Northeast of Victor on the slopes of Pikes Peak, Bison Reservoir has supplied the town with municipal water for decades and also provides private fishing privileges to local residents. One old-timer claimed during the 1940s and 1950s, people were buying abandoned miners’ cottages in Victor just to acquire fishing rights at Bison Reservoir. Today, membership at Bison is given only to full-time, year-round Victor residents who pay annual dues and only become members after spending years on a very long waiting list.

In southwestern Colorado, Wagon Wheel Gap on the upper Rio Grande River was a popular fishing resort in the late 1800s, one of the first in this region. The railroad built to serve the silver mining boom of Creede brought summer visitors to this resort on the river about 10 miles below Creede.

West of Creede, the upper Rio Grande and its tributaries have sustained several private fishing clubs. Beginning in the 1930s, people acquired land and water rights, and raised trout for club members’ recreation. These include the S Lazy U Trout Ranch, Hermit Lakes, Pearl Lakes Trout Club and Santa Maria Reservoir.

A fine example, Hermit Lakes operated as an exclusive club “in a little mountain valley on the headwaters of the Rio Grande.” By 1940, Hermit Lakes had more than 250 acres of water along with 5 miles of stream, located on 1,000 acres of privately owned property within the Rio Grande National Forest. Membership was limited to 200 and annual family dues were $35. Members built cabins, and guests could rent a cabin and a boat or brought their own trailer house and boat. The Hermit Lakes organization stocked the lakes with 400,000 trout from a hatchery at Crestone in the San Luis Valley. A private landing strip allowed members to fly to the club in a private airplane.

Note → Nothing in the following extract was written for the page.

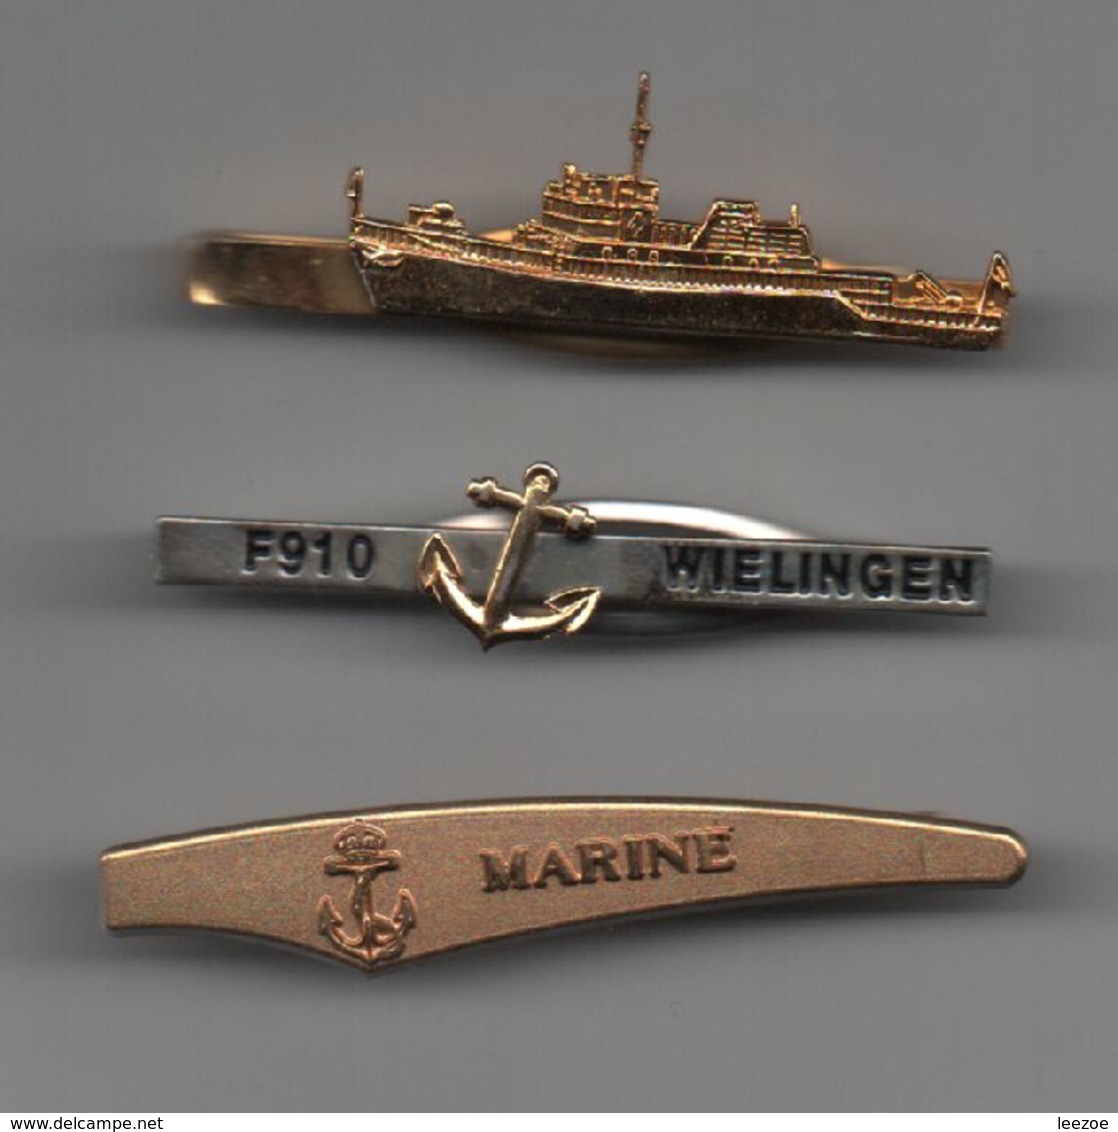 Pinces à Cravatte Marine F910 WIELINGEN, Bateaux, Navires....BT15 - Boutons
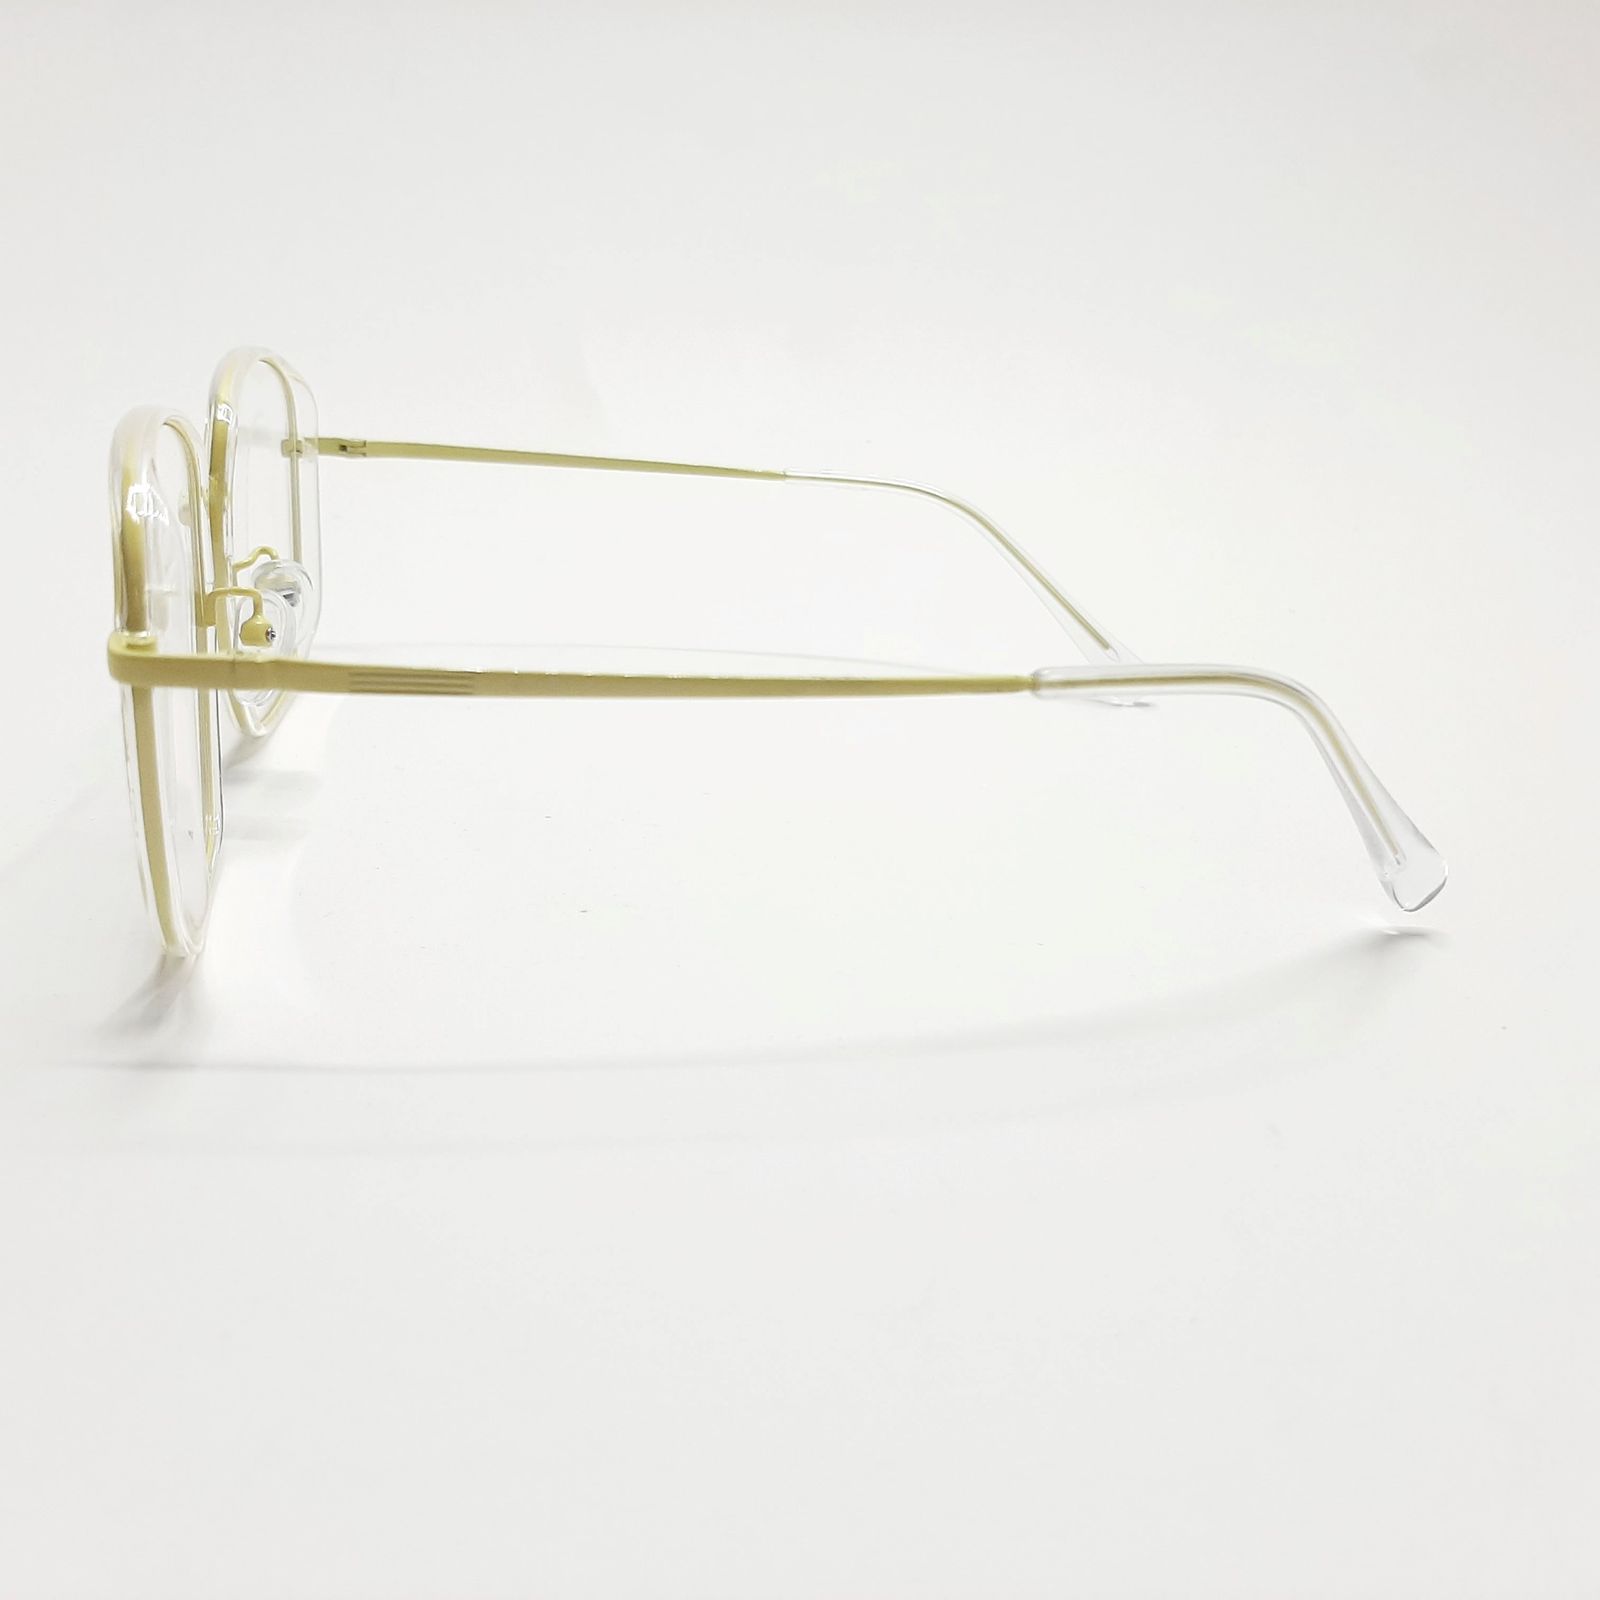 فریم عینک طبی تد بیکر مدل TB9181c85 -  - 5

Closer to Denver, in western Jefferson County, the villages of Idledale and Kittredge flourished as summer fishing havens beside Bear Creek. Once road improvements allowed auto travel up Bear Creek Canyon, a Chicago investor named Starbuck developed a 10-acre tent park along the creek to accommodate auto tourists. By the 1920s, the town had grown into five dance halls, a filling station, several restaurants, and numerous bootleggers and speakeasies. Folks stayed in tiny cabins and enjoyed fishing as well as more vigorous recreation.

Upcreek from Idledale, Charles M. Kittredge, a Denver investor and developer of the Montclair and Park Hill Heights neighborhoods, laid out the townsite of Kittredge in 1925 as a trout fishing resort. He purchased a 300-acre ranch, and organized the Kittredge Land Company. Kittredge promoted real estate sales and cottage construction, built several bridges across the creek, and developed the water system. Scores of cabins and cottages sprang up on the hillside and the village became a delightful summer destination.

Fishing is still a beloved tradition for many families who live in or vacation in Colorado, and many believe that “the rainbow is a fastwater fish and the gamest of all trout.”